Records contained in a dataset
________
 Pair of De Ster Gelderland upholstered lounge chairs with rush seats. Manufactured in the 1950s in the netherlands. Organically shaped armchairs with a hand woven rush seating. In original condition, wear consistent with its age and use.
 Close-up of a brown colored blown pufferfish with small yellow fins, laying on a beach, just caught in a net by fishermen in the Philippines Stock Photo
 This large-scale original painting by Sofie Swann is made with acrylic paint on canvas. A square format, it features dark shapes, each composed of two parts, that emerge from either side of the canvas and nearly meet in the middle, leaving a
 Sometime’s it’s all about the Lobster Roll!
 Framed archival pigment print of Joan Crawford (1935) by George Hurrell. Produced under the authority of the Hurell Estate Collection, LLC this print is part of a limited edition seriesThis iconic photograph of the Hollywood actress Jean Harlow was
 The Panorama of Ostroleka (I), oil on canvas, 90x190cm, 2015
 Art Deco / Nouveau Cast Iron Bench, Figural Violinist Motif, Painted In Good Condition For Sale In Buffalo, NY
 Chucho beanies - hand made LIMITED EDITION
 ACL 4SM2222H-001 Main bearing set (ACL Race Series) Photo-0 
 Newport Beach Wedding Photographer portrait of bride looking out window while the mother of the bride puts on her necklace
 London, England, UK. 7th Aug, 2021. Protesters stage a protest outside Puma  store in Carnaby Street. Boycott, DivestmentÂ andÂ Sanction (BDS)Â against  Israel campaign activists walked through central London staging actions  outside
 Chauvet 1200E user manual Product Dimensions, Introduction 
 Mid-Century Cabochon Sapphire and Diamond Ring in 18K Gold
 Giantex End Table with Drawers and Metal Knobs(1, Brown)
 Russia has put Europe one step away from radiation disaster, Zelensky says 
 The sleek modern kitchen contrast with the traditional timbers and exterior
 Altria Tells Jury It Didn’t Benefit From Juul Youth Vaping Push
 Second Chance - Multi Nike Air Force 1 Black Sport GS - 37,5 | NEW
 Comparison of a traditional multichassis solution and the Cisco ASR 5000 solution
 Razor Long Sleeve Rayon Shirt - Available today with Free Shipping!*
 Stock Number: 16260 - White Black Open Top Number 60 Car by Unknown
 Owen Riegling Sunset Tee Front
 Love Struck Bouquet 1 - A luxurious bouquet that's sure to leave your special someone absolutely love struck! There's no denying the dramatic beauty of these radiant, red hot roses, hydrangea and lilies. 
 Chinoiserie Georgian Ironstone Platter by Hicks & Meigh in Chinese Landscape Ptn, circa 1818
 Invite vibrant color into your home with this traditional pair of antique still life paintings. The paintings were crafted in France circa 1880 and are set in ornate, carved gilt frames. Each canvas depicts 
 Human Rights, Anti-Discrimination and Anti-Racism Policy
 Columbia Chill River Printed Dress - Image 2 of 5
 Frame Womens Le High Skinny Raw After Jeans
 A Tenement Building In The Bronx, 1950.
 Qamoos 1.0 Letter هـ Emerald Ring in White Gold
________
§ WHAT YOU ARE ASKED TO DO
Among the lines above, find those that contain the word "Black" and copy them.

§ FINISHED TASK
 Second Chance - Multi Nike Air Force 1 Black Sport GS - 37,5 | NEW
 Stock Number: 16260 - White Black Open Top Number 60 Car by Unknown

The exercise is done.